# Show your insulated tools



## eckardt (Aug 31, 2012)




----------



## lightman (Oct 14, 2015)

Wow! You have a lot of money in insulated tools!


----------



## sbrn33 (Mar 15, 2007)

I have an insulated screwdriver! wanna see it? I like it because it is easier to spin with my fingers.


----------



## LuckyLuke (Jun 1, 2015)

Nice collection however I wonder about the need for so many. We work/inspect/troubleshoot on live equipment daily but as for the work part it's extremely minimal. I would throw my guys to the curb if they pulled out an insulated open end wrench to work on something or near something live.


----------



## Majewski (Jan 8, 2016)

I have tape and I pull my sleeve over my hand when I work live. Jk


----------



## Flyingsod (Jul 11, 2013)

Majewski said:


> I have tape and I pull my sleeve over my hand when I work live. Jk


That had better be an FR sleeve...

Sent from my C6725 using Tapatalk


----------



## Majewski (Jan 8, 2016)

Flyingsod said:


> That had better be an FR sleeve...
> 
> Sent from my C6725 using Tapatalk


Sure, Savers $4 long sleeve thermal..... You bet it is! lol


----------



## ponyboy (Nov 18, 2012)

Man I would never waste my money on insulated tools. Hot work in our facility, and most others, is strictly prohibited everywhere anyway so why bother?


Sent from my iPhone using Tapatalk


----------



## Majewski (Jan 8, 2016)

I love those insulated t grips though!


----------



## Flyingsod (Jul 11, 2013)

Biscuits said:


> Man I would never waste my money on insulated tools. Hot work in our facility, and most others, is strictly prohibited everywhere anyway so why bother?
> 
> 
> Sent from my iPhone using Tapatalk


Not MOST others. The bottom line still rules people's minds in mid and small size businesses. Especially when it's an owner run joint.

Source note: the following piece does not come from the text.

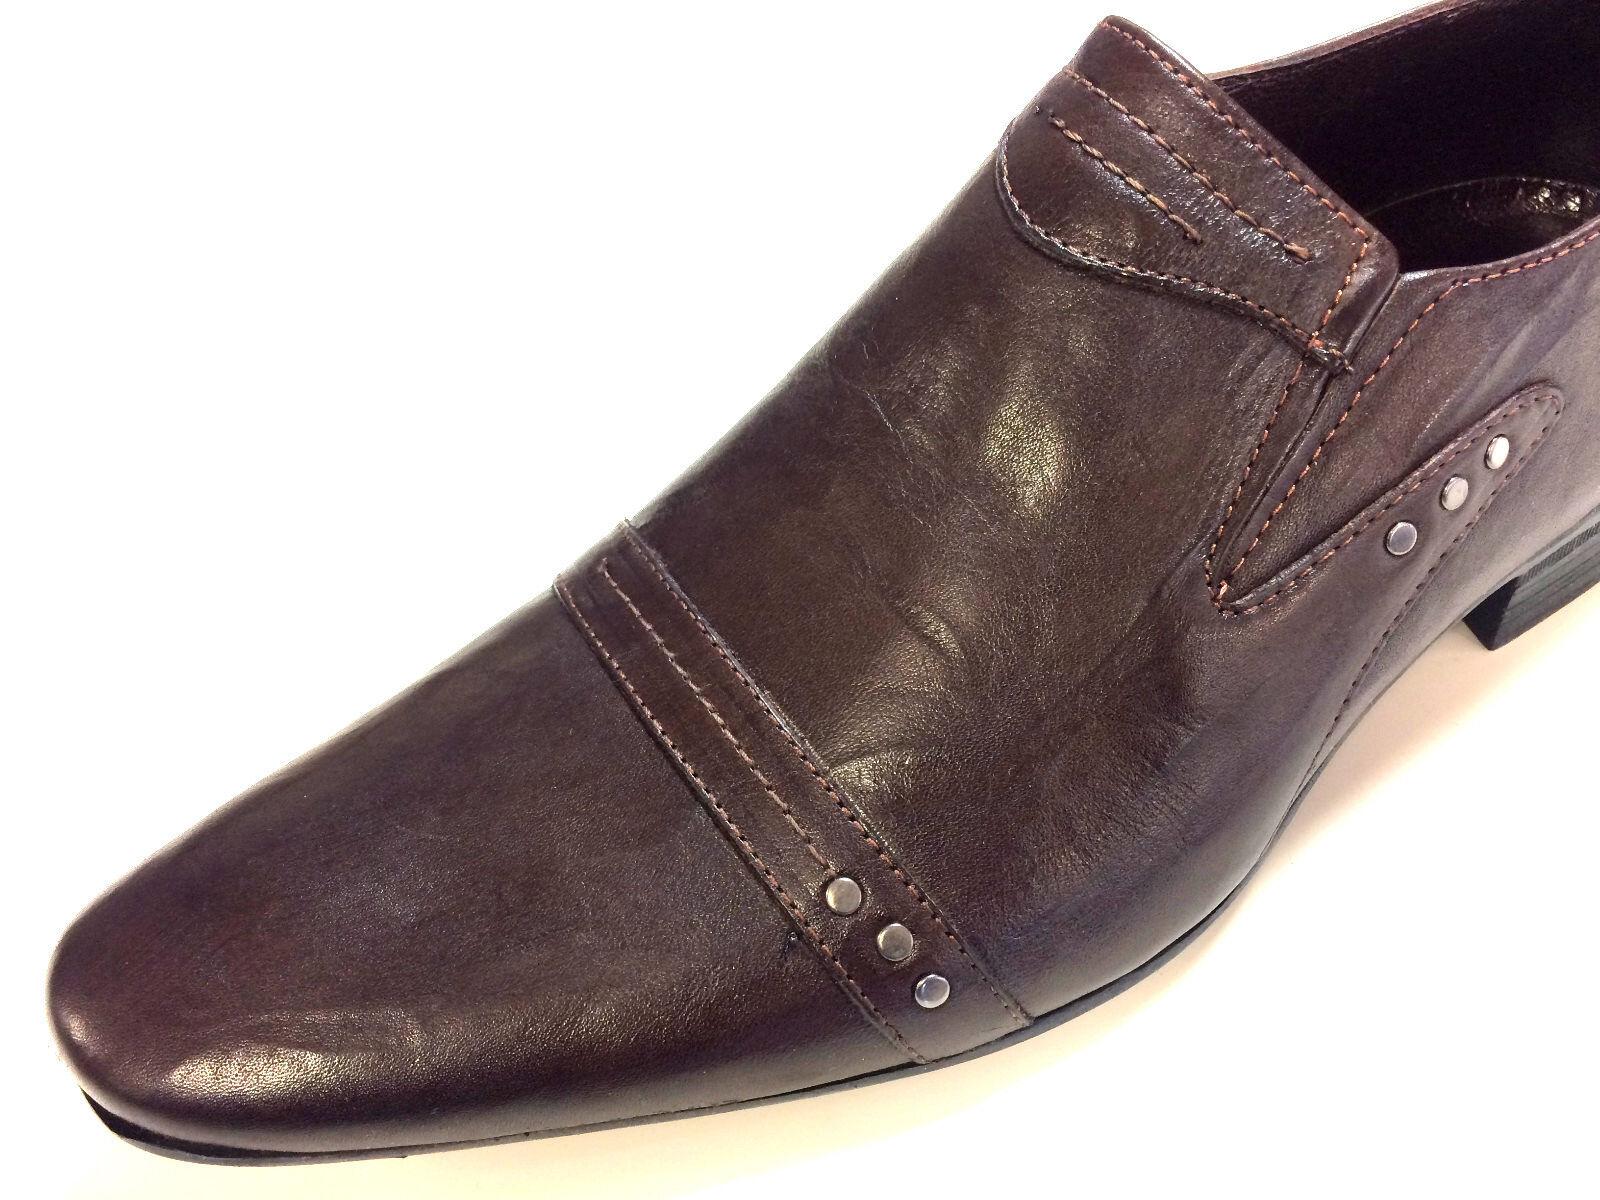 Chelsy cuero zapatos caballero mocasín Designer vernietet Slipper a mano marrón

Sent from my C6725 using Tapatalk


----------



## splatz (May 23, 2015)

@eckardt - that is quite a collection, I have never seen so many Knipex tools - very nice. Now I am curious - what kind of work you do? Not too many electricians in the United States would have a set like this. Looking at the Knipex web sites, I often wonder who the heck uses some of those tools...


----------



## Going_Commando (Oct 1, 2011)

Flyingsod said:


> Biscuits said:
> 
> 
> > Man I would never waste my money on insulated tools. Hot work in our facility, and most others, is strictly prohibited everywhere anyway so why bother?
> ...


Yup. I work live pretty often and only have a small set of Wera insulated screwdrivers. Damn things are expensive!


----------



## TGGT (Oct 28, 2012)

Going_Commando said:


> Yup. I work live pretty often and only have a small set of Wera insulated screwdrivers. Damn things are expensive!


You can get husky insulated drivers I think for $7 per.


----------



## Flyingsod (Jul 11, 2013)

TGGT said:


> You can get husky insulated drivers I think for $7 per.


But how much are your fingers worth?

Sent from my C6725 using Tapatalk


----------



## Jarp Habib (May 18, 2014)

My insulated tools! They stay nice and warm.


----------



## zac (May 11, 2009)

Jarp Habib said:


> My insulated tools! They stay nice and warm.


Your a wacko! 

Sent from my SM-G930T using Tapatalk


----------



## TGGT (Oct 28, 2012)

Jarp Habib said:


> My insulated tools! They stay nice and warm.


My hands itch just looking at that.


----------



## TGGT (Oct 28, 2012)

Flyingsod said:


> But how much are your fingers worth?
> 
> Sent from my C6725 using Tapatalk


$97,524 in Texas for 1 hand. The national average for loss of 1 hand is $144k.


----------